I must confess I am surprised at the number of young* players who have been caught (and admitted to) using outside assistance in online events. I know below a certain age the concept of right and wrong is a little fuzzy, but if you are smart enough to know how to 'boost' your chess ability, you should be smart enough to recognise the consequences.
It turns out that there may be a longer lasting effect for the players concerned. While results come and go, damage to reputation tends to last a lot longer. I can certainly remember (and even repeat) stories of players arranging results or getting outside assistance going back almost 40 years. So while players may think the risk of getting banned from an event is possibly worth it, the damage may last longer than that.

*I have also been told of a recent incident from the UK, which involved a 50 year old player, so it isn't just kids.


Xoyepa said...

How’d they get caught? Were they just cheating stupidly (like playing all engine moves in all games), or did their parents find out and report it to the event organiser?

Shaun Press said...

For a lot of young kids, I think it may have been a case of simply 'playing too well' and this being noticed.
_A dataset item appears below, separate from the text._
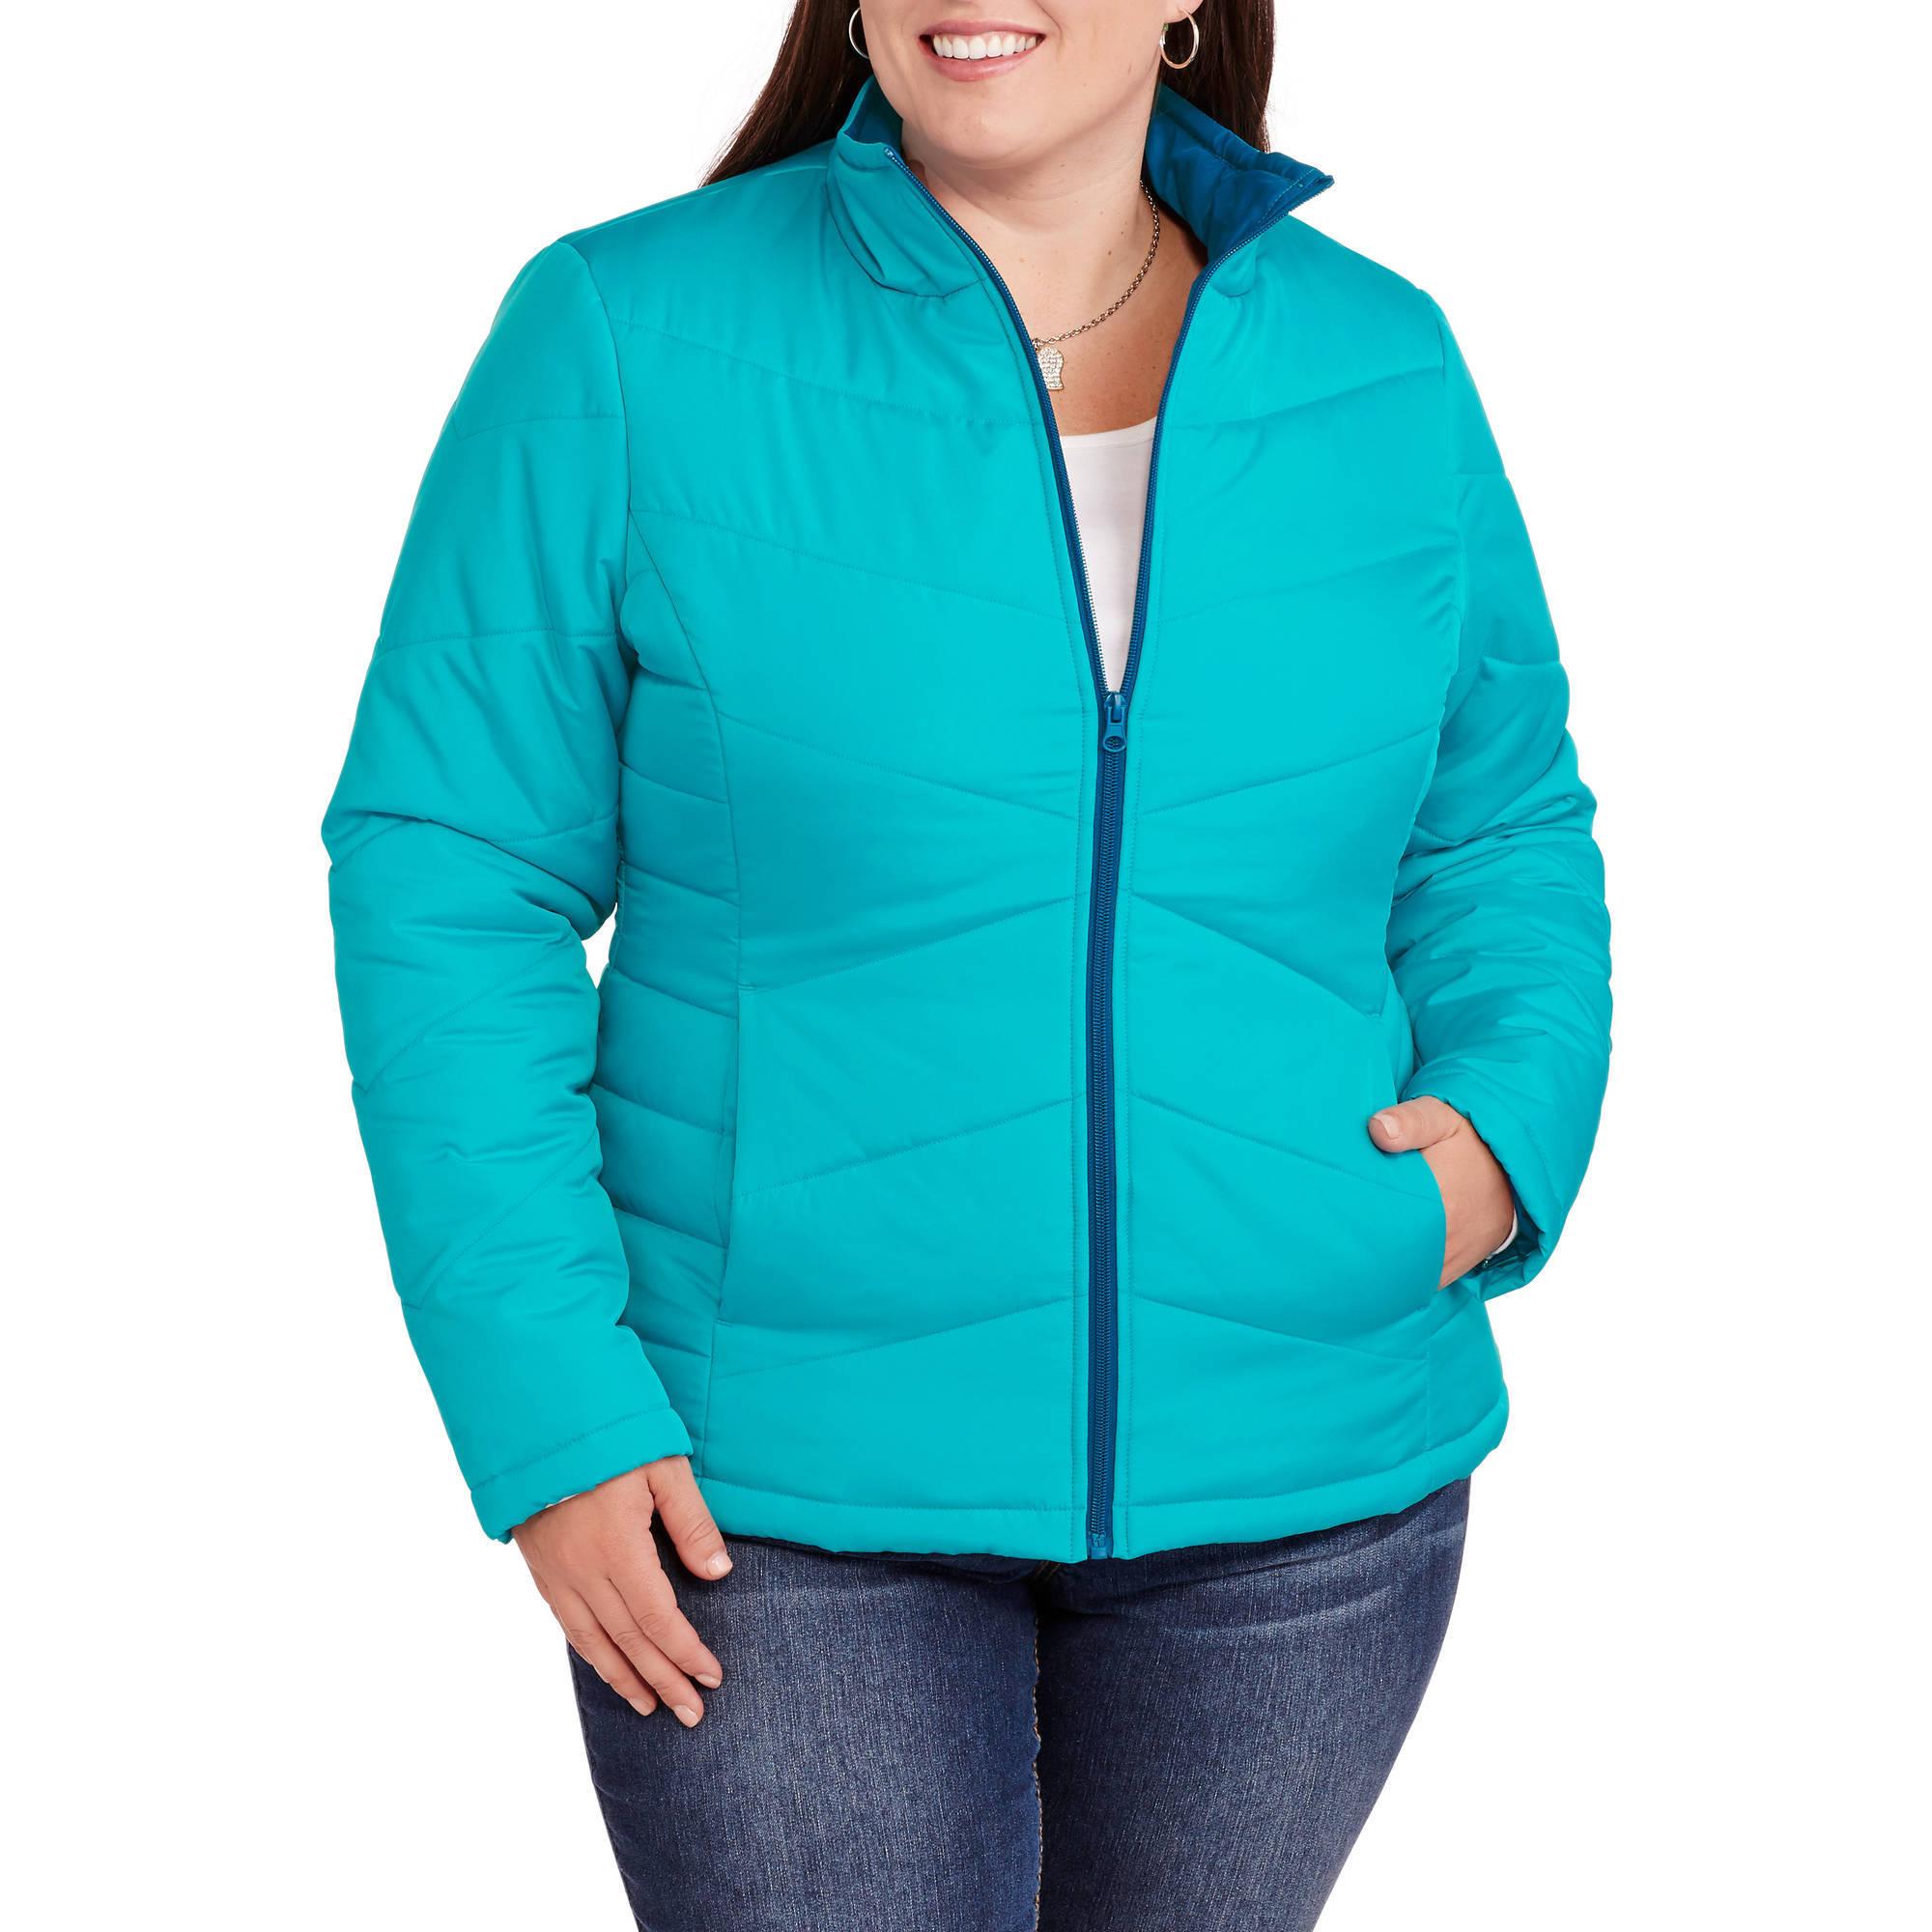 Women's Plus-Size Lightweight Bubble Jacket
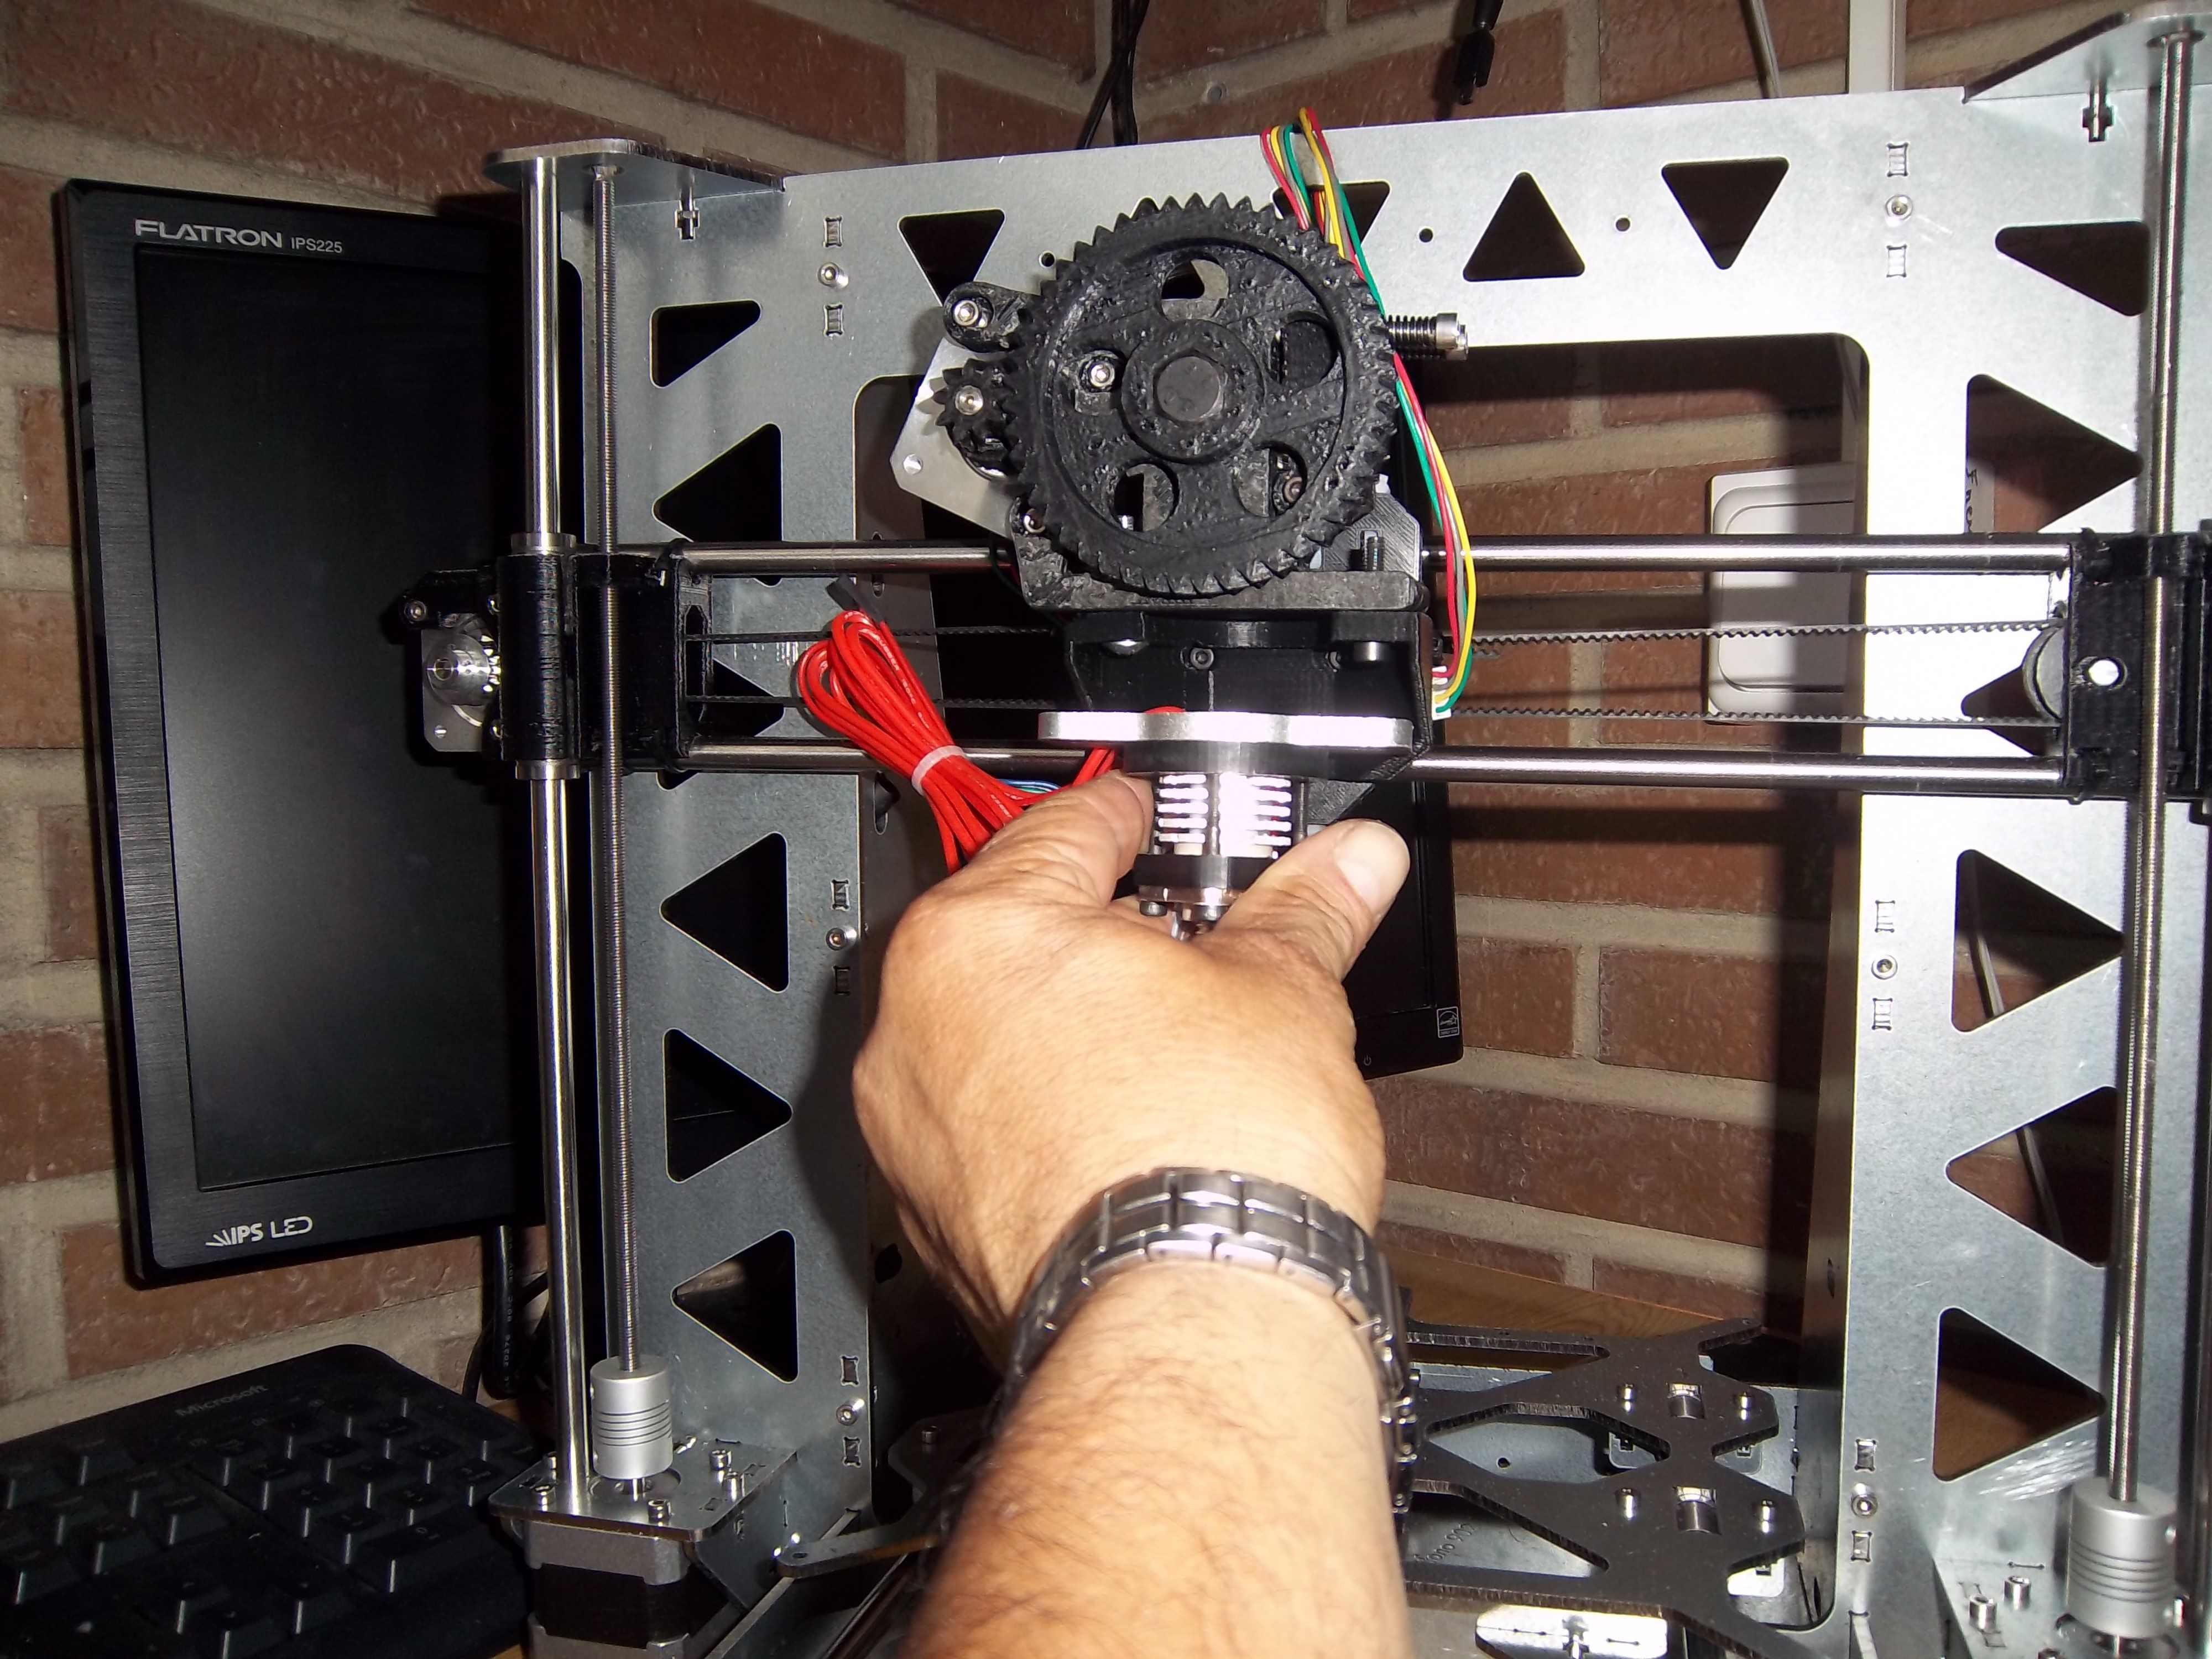 Montaje del extrusor de impresora 3D

By that, I don't mean just having a good tournament (which is certainly possible), but choosing openings they don't usually play, winning endings they don't know about, and basically showing a level of chess above what their coaches had previously observed (NB These events are mainly organised by coaching organisations, and so they are usually aware of the skill level each player normally plays at).
However in at least one case (in one event I manage), the fair-play software flagged a player, so I'm guessing it was too many engine-like moves.